The article states that the biggest factor was user misunderstanding of the options, not so much the number of different options. In other words, if they offer option A at $x and option B at 10*$x, if most users mistakenly think they need option B, the calculator is misleading.
Also, I'm a big fan of "contact us for pricing." It's annoying for users who are window-shopping and want a quickie ballpark, but it helps you identify cases where standard pricing (or pricing which can't easily be described online) can be negotiated, and which the user would have otherwise overlooked. This doesn't work for things like most ecommerce, of course.
My biggest issue with these: when introducing a new tool/solution, we often don't know how much we want to use it. In particular, it will usually be introduced in a minor application first, and if it feels reliable and useful it moves to bigger systems and more critical roles.
Contact for pricing requires us to explain all our internal politics, budget management, which systems we have etc. upfront to random strangers, who are also incentivized to just onboard us first and push the sunk cost fallacy button from there.
I kinda feel this works best for companies that don't really care about comparing products and will buy whatever give them the best numbers on the contract (which is common for enterprise software, it's just not my personal cup of tea as a small fish in the game)
Many users will see "contact us for pricing" and assume that means you can't afford it. That's fine if your customers are enterprises but definitely not for consumer products that middle class people might actually buy.
A lot of time when there’s something like that, I’m fine not having a firm number, but it’s nice to have at least a ballpark idea of cost. (I found this particularly egregious with musical instrument pricing where I didn’t know if I was looking at a $1000 instrument or a $20,000 instrument, so I generally assumed that these would be cases where I clearly couldn’t afford it so best not to wonder—not to mention the cases where the list price was often as much as double the actual street price for an instrument).
>>> I'm a big fan of "contact us for pricing." <<<
I have opposite feeling about them. They are like open invitation to give the sales guy a window of opportunity to look up your company website, and markup the price accordingly.
Exactly. Its an invitation to the used car salesman circus. I do t have time to play games with a salesman for the next two weeks. If a company doesnt have at least ballpark pricing available upfront they never hear from me and dont even know they lost a potential customer. Only huge entrenched companies can get away with that long term. That and single suppliers.
I make most of the buying decisions for tech tools for my company. And it is exceptionally rare for me to ever contact somebody for pricing. I usually move on to the next vendor with transparent pricing.

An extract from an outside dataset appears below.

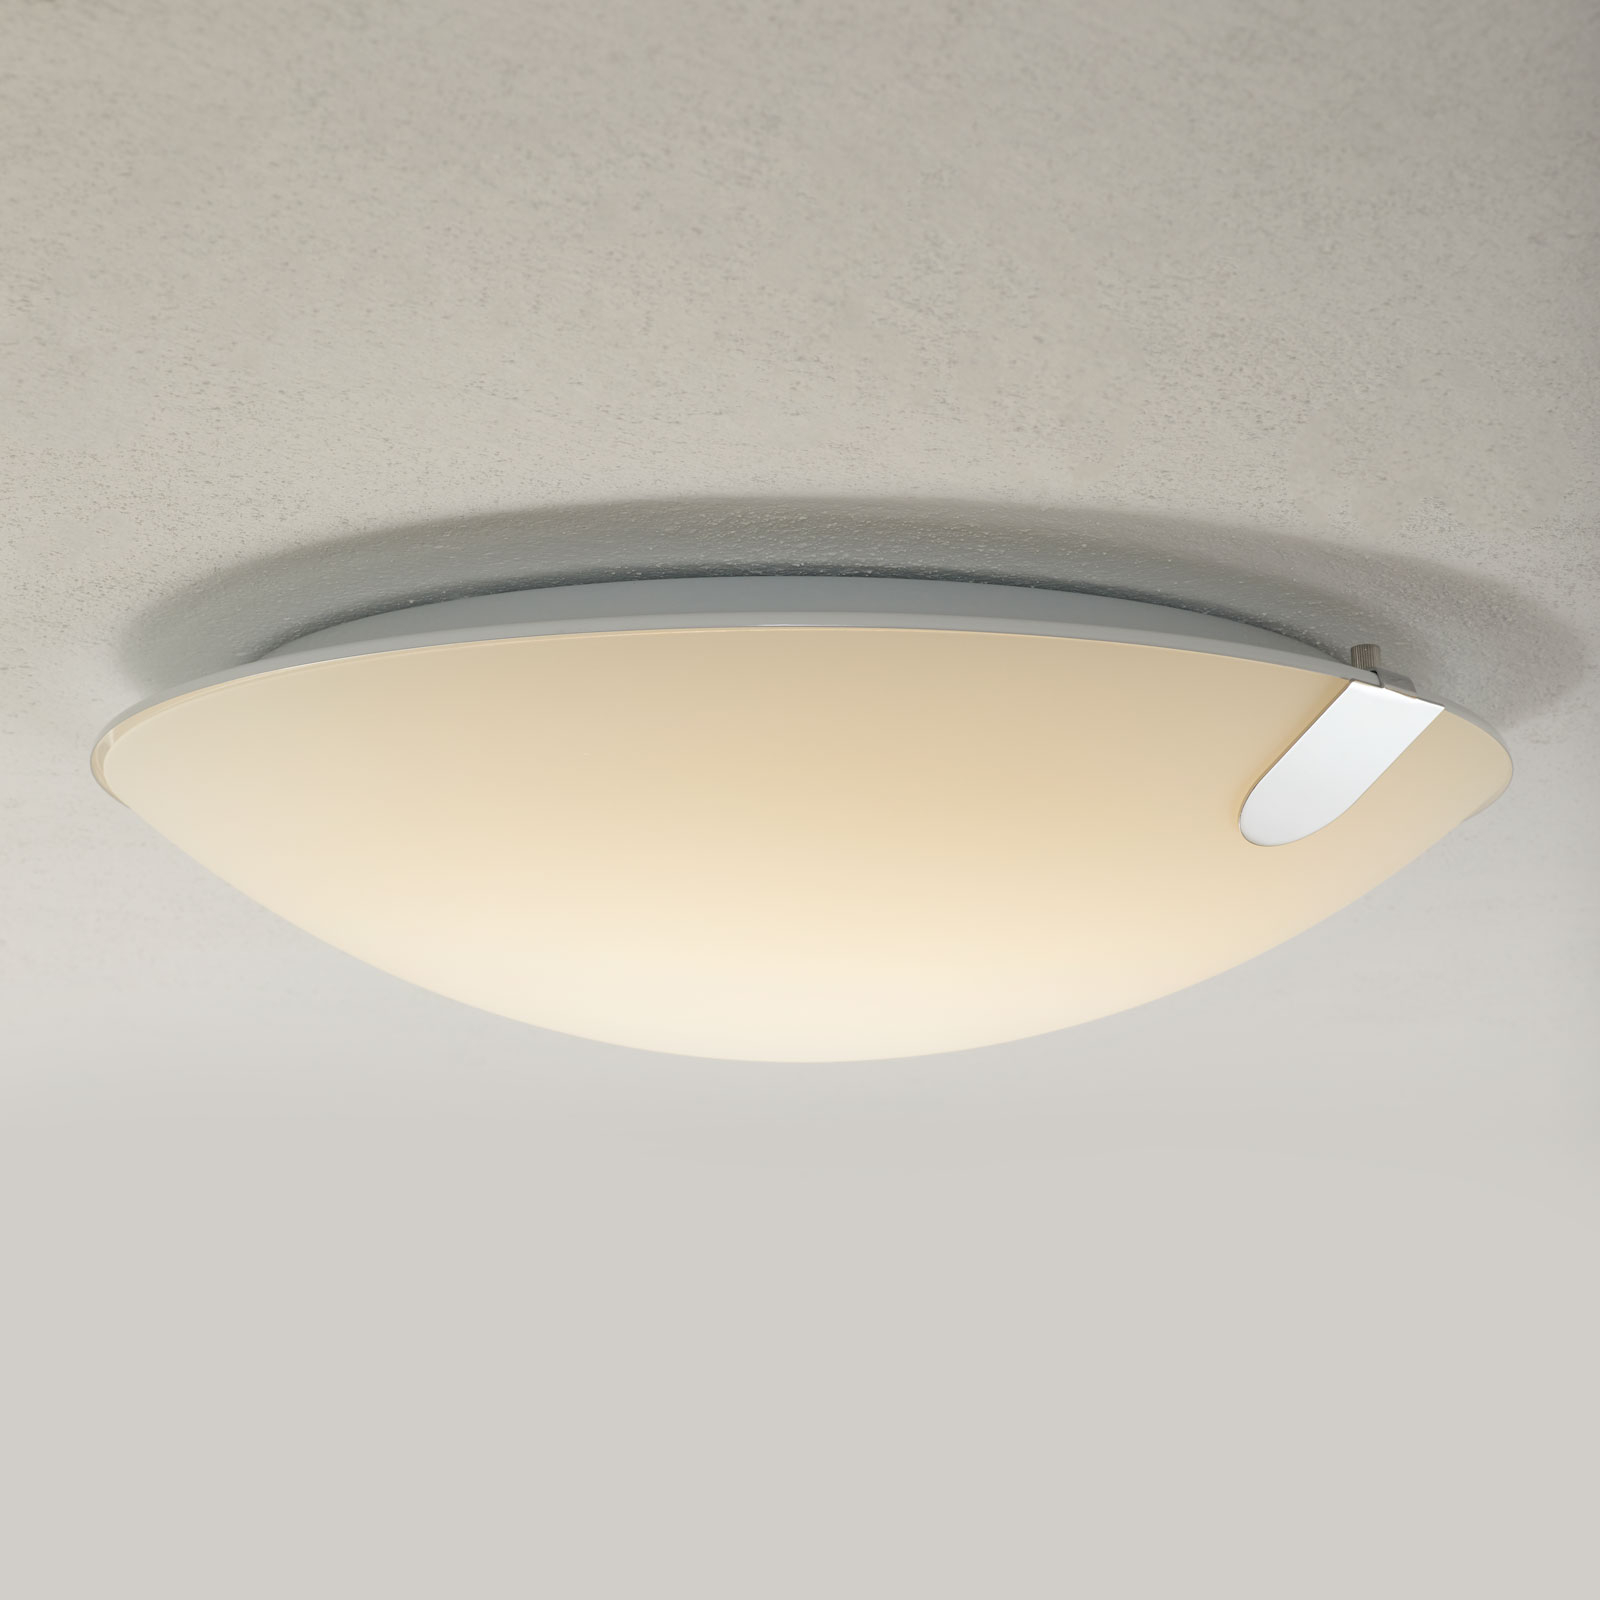 Arcchio Telie LED plafondlamp Ø 50 cm

You can get away with it, if you are targeting a very small market with your product and none of your competitors offer transparent pricing. My own company does not offer transparent pricing and we can get away with it for the above reasons.

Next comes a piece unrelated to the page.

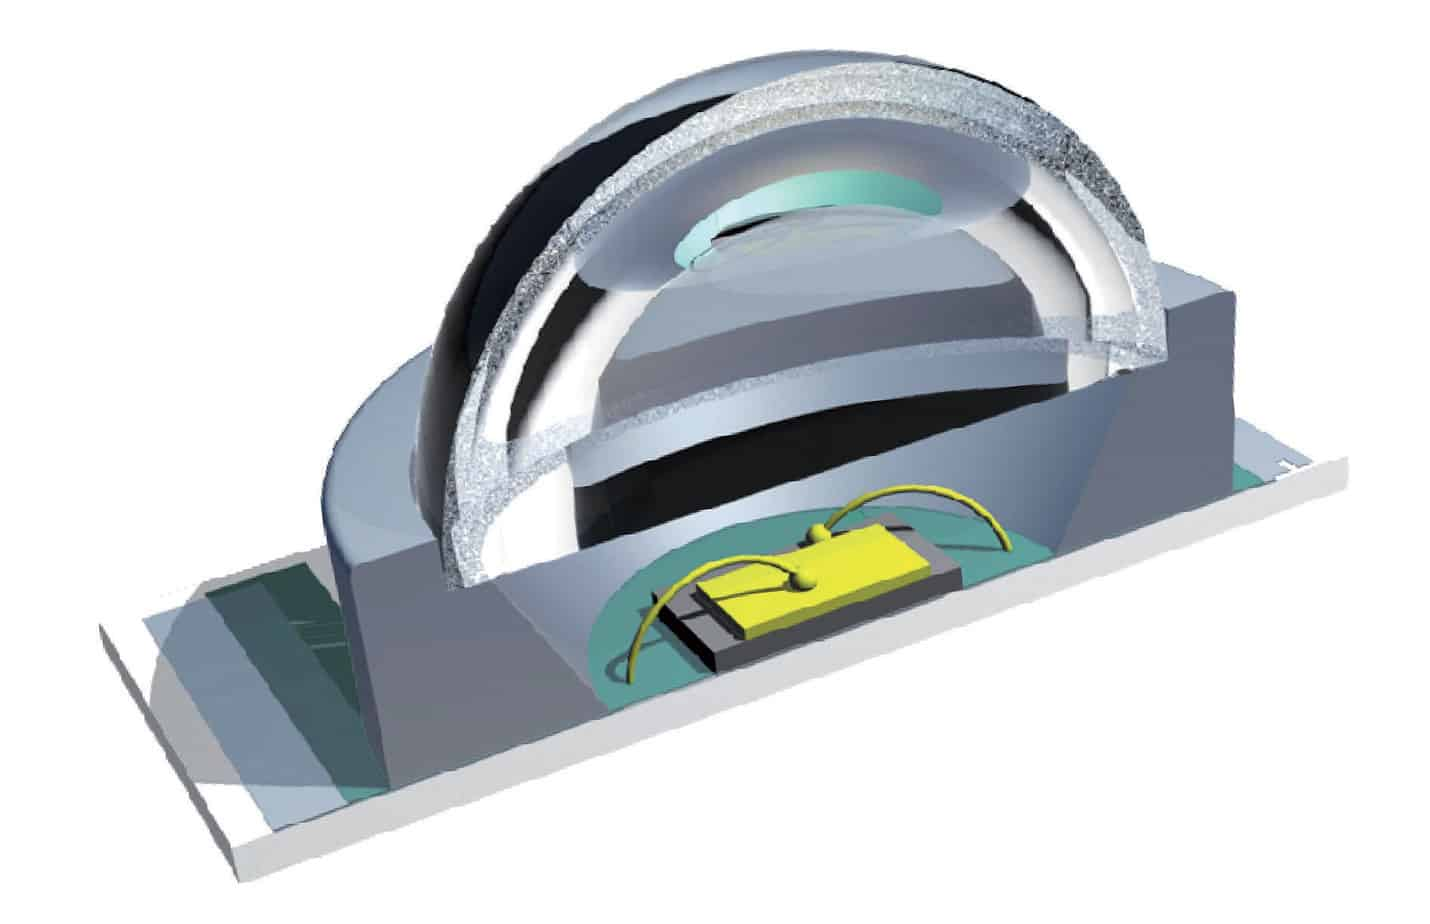 """La struttura di un LED di potenza. Sono ben visibili il chip montato su un dissipatore metallico, situato al centro dell'involucro, la lente """"a cupola"""" che svolge la funzione di ripartire il flusso luminoso uscente e le connessioni elettriche che dal chip vanno agli elettrodi del diodo (anodo e catodo)"""

I would never entertain any "contact us for pricing" offer. It means that they are looking to rip you off. If you can't give a fixed price for bespoke solutions, you should still publish prices for standard solutions, so that customers can get an idea of your rates. Then they will contact you for bespoke solutions.
> Also, I'm a big fan of "contact us for pricing." It's annoying for users who are window-shopping and want a quickie ballpark
Don't underestimate those kinds of customers.

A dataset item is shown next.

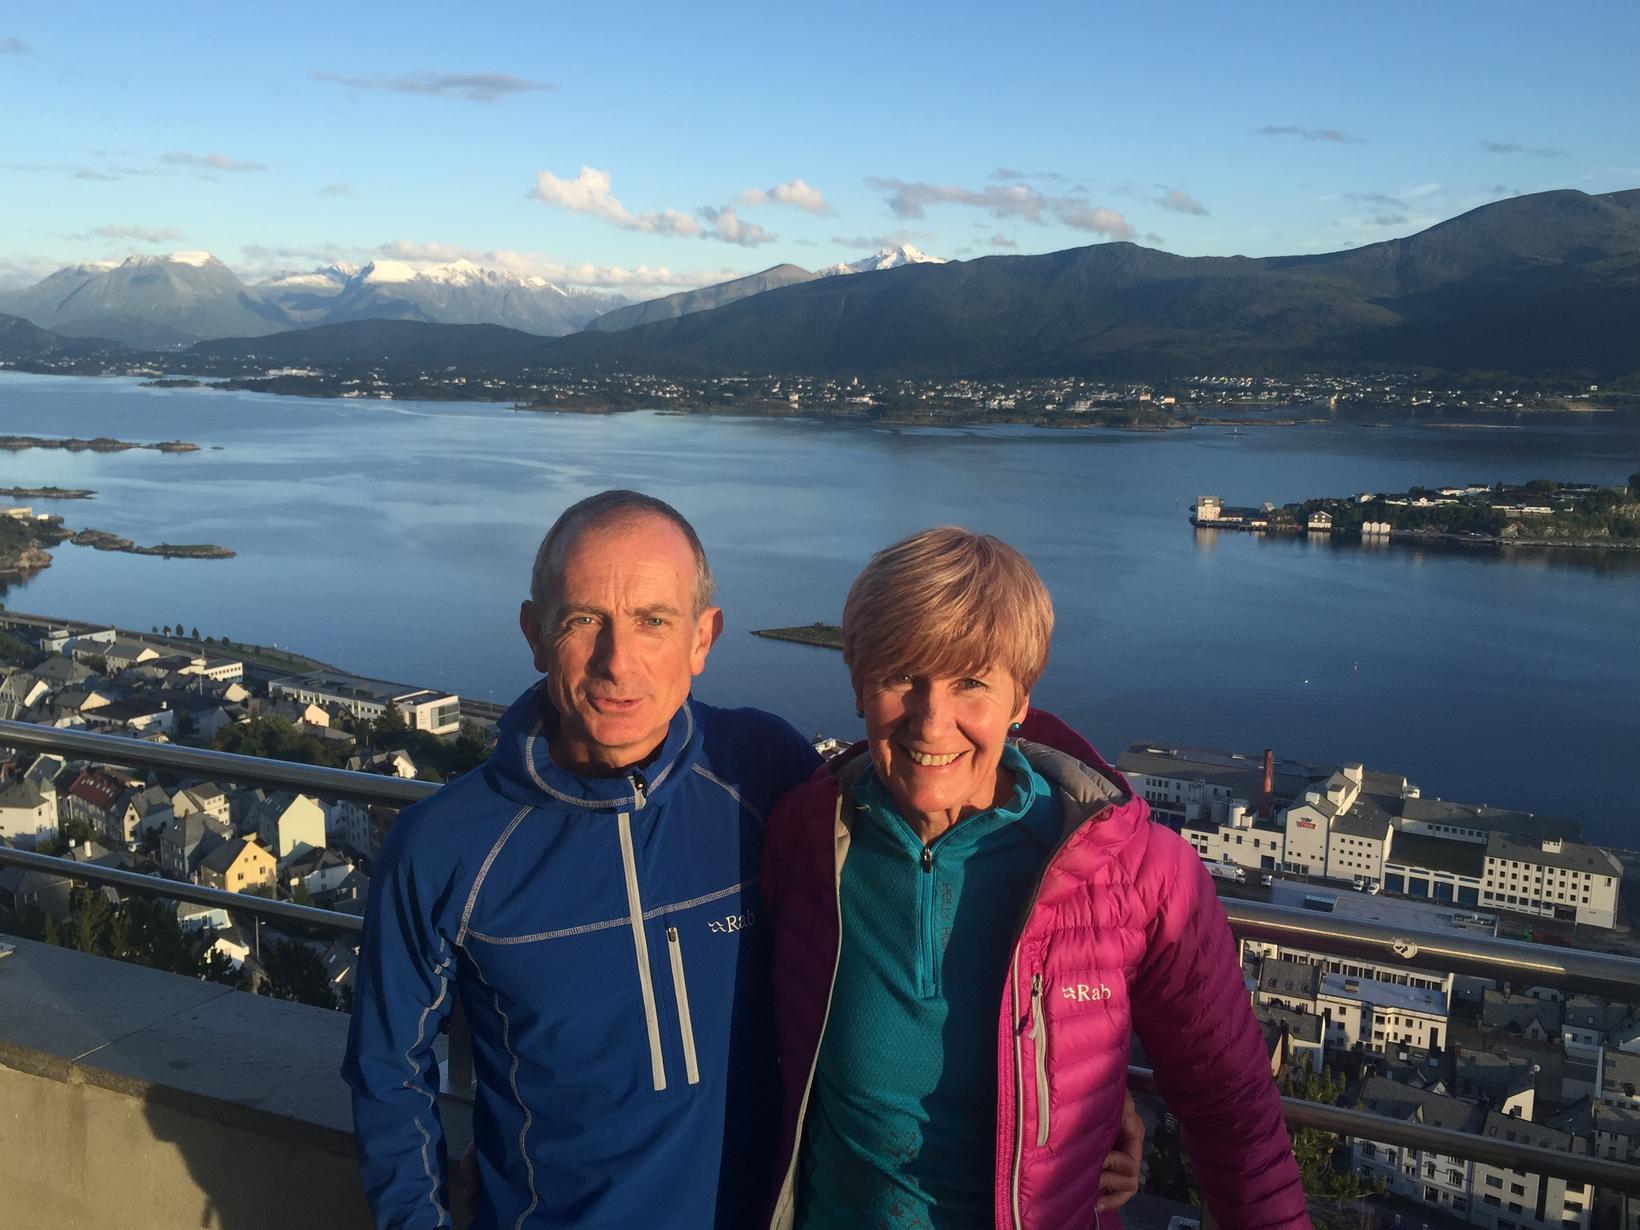 Sue & Simon from Chester, United Kingdom

For example, an ad for custom tile showers showed up in my feed. I just wanted to "window shop" the price, so I could get an idea if it was something I wanted to do, and plan when to do it.
I filled in the form with a "I'm just looking for a ballpark number, please don't call me."
No response.
Salespeople just don't understand how irritating phone calls are when you're collecting data: Whatever I'm doing at any given moment significantly more important than dropping what I'm doing to answer the phone. This is especially important if all I need to know is a ballpark number to know if I'm interested in having such a phone call.
>> Perhaps removing a pricing scheme so complicated that it literally can't be modelled usefully by the customer would be even better?
> The article states that the biggest factor was user misunderstanding of the options, not so much the number of different options.
(Emphasis mine)
It seems to me that you are in agreement with the GP :-/
When a significant portion of the target userbase cannot understand something presented by the software, the problem is rarely the users.
More developers should read Donald E. Norman's "The Design of Everyday Things"; even if you forget specifics in that book, the general takeaway is that the default position must be "It is not the users' fault!".
There must be significant evidence that the user is to blame before the user actually is blamed. The more users' that have that problem, the larger the body of evidence required to prove that this is a user problem.
More than 10% of target users have problem $FOO? Then you better have a mountain of rock-solid, beyond a shadow of a doubt evidence that the software/interface is correct!
the article stating doesn’t mean it’s correct. The users misunderstood because they have a poor pricing model which obviously users won’t understand because pinecone isn’t as known as mysql or postgres yet
Also, I'm a big fan of "contact us for pricing." It's annoying for users who are window-shopping and want a quickie ballpark, but it helps you identify cases where standard pricing (or pricing which can't easily be described online) can be negotiated, and which the user would have otherwise overlooked. This doesn't work for things like most ecommerce, of course.